THORPE, WEARING MIS-MATCHED SHOES AND SOCKS AT THE 1912 OLYMPICS. PHOTO: WIKIPEDIA.
With humility, Jim Thorpe offered an apology because he was unaware of the Olympic regulations, however, this setback did not stop his career as an athlete. He was a baseball star and played in the Major Leagues beginning in 1913. He was part of the New York Giants, Cincinnati Reds and Boston Braves. In 1915 he played professional football with the Canton Bulldogs and in 1920 he was named the first president of the American Professional Football Association (APFA), which two years later became the NFL.
Posthumous (partial) Recognition
His glory days as an athlete behind him, hard times beset Thorpe, as he sadly faced poverty.
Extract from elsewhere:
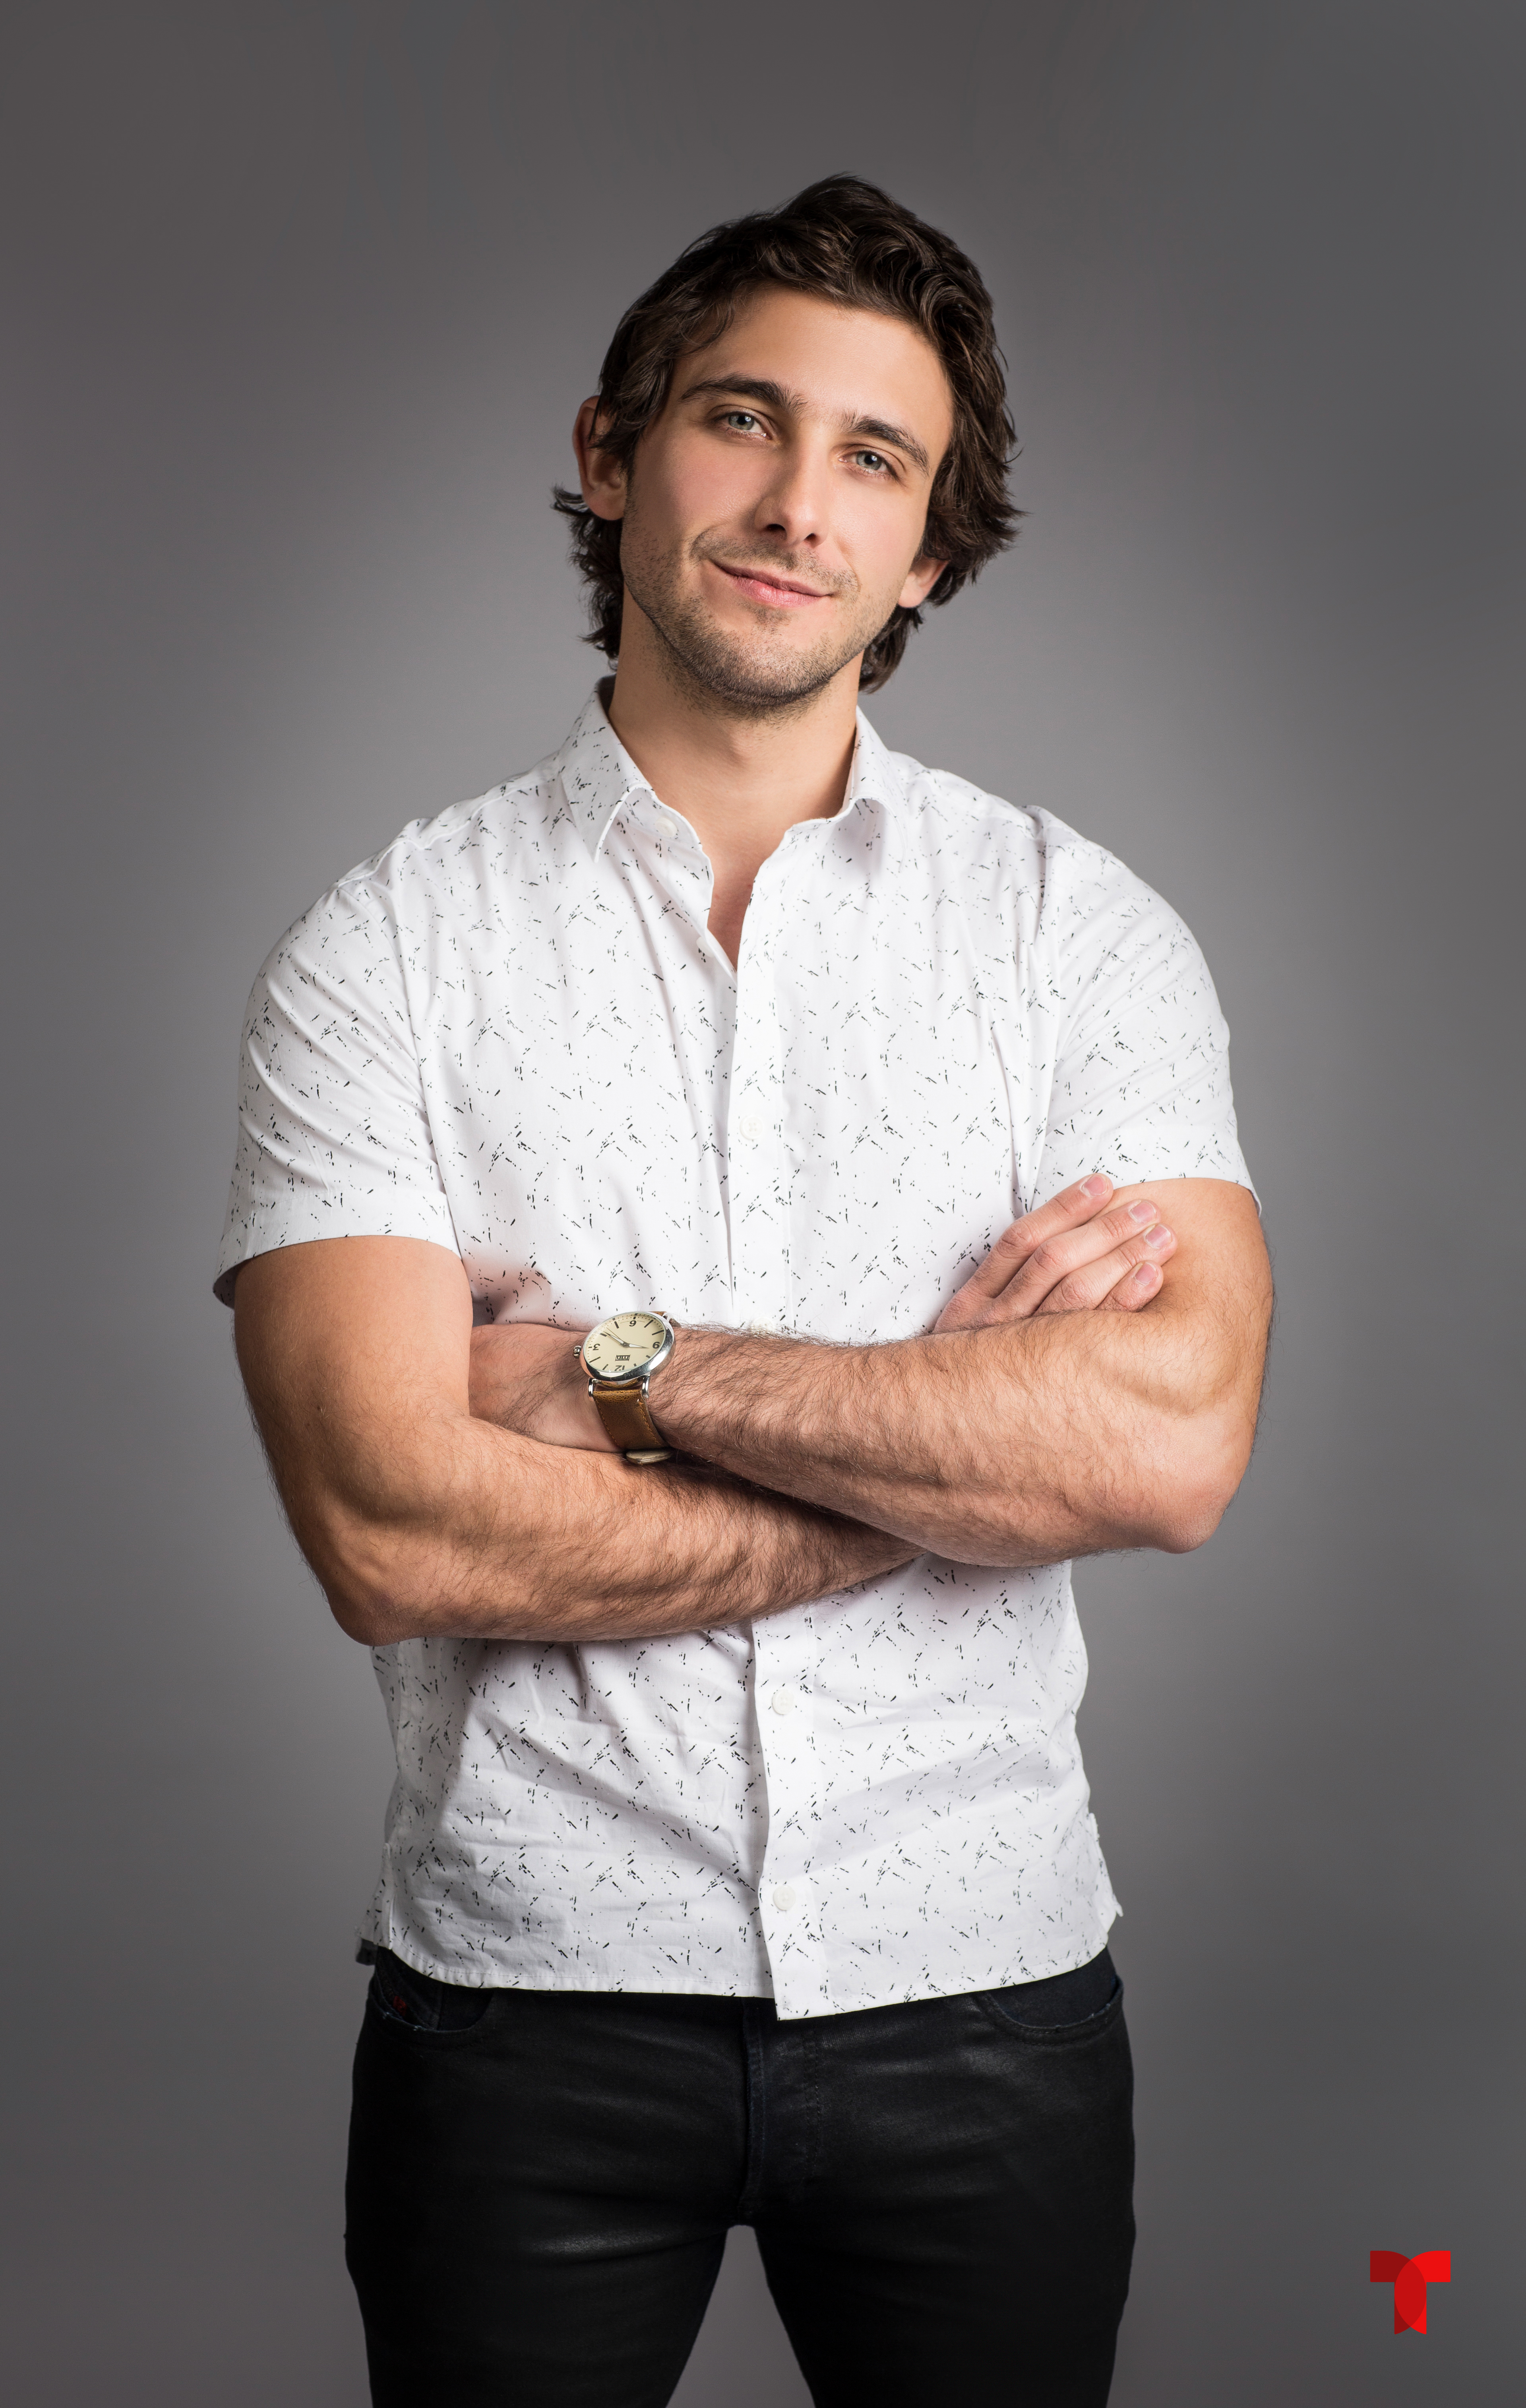 Emiliano Zurita como Felipe Quintanilla_002 copia
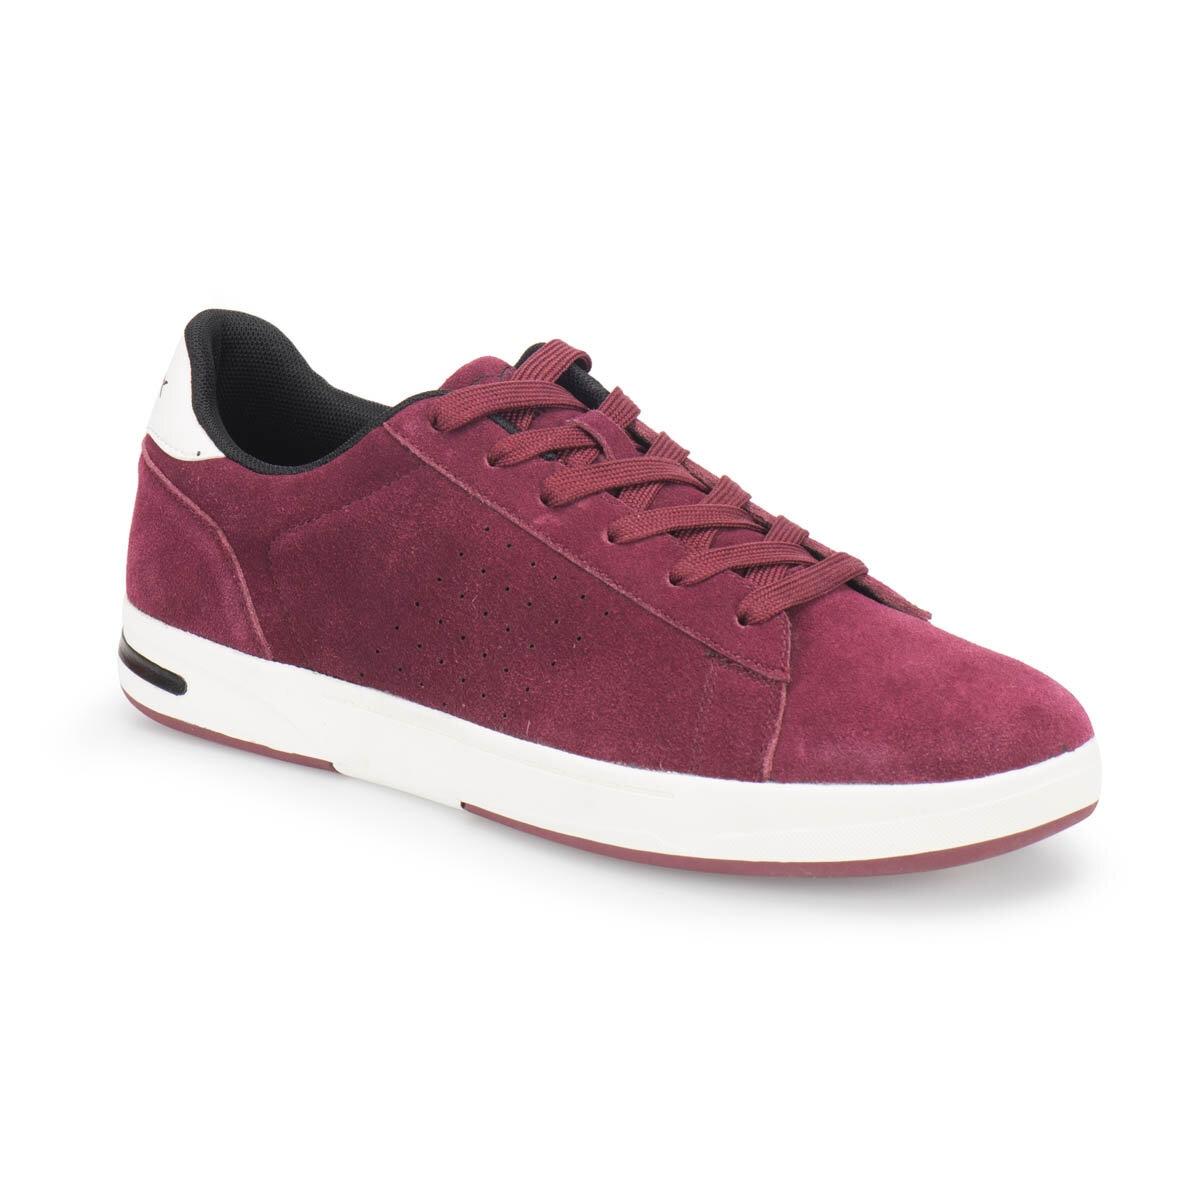 FLO HELDER L M Burgundy Men 'S Sneaker Shoes KINETIX

He carried out various types of jobs: movie extra, nightclub “bouncer” and was also a United States Merchant Marine. The light that once made him “the best athlete in the world” had faded.
In 1950 he was diagnosed with lip cancer and in 1951 was admitted to a hospital in Philadelphia.
Jim Thorpe died on March 28, 1953, at the age of 64 of a heart attack in Lomita, California.
After his death and after many debates and discussions, in 1983 the International Olympic Committee (IOC) finally voted to reinstate the medals to Wa-Tho-Huk, who declared back when they were taken away, that “he was only a Native American who did not know the rules”.
The IOC Executive Committee agreed to return the medals, but only declaring him co-champion along with Ferdinand Bie and Hugo Wieslander, although both men always and repeatedly stated that Thorpe was the sole champion.
On January 18, 1983, in an emotional ceremony the IOC made a “symbolic return” of Jim Thorpe’s medals to two of his sons, Gale and Bill. They received a couple of commemorative medals because the originals were stolen and to date have not been recovered.
Another shot at vindication
Following his death in 1953, as a result of Oklahoma’s failure to raise funds for a proper memorial, Thorpe’s remains were laid to rest in a mausoleum east of the Lehigh River in Pennsylvania, surrounded by monuments to his career, and built on earth brought from the Sac and Fox lands and from the Stockholm Olympic Stadium where he became the world’s greatest athlete. The town which is 100 miles from where he began his sports career as a student at the Carlisle Indian Industrial School, was renamed to bear his American name, Jim Thorpe, Pennsylvania.
In July 2020 a new request to the IOC began to circulate with the aim of claiming Jim Thorpe as the only true Olympic pentathlon and decathlon champion of Stockholm 1912. This request was also supported by Pictureworks Entertainment, which currently is making a biographical film ‘Bright Path Strong’ of the man who is considered one of the most gifted athletes and best sportsmen in history. These efforts finally were successful, as on July 2022, the International Olympic Committee in Lausanne, Switzerland, finally reinstated Jim Thorpe as the sole winner of the 1912 Olympic pentathlon and decathlon.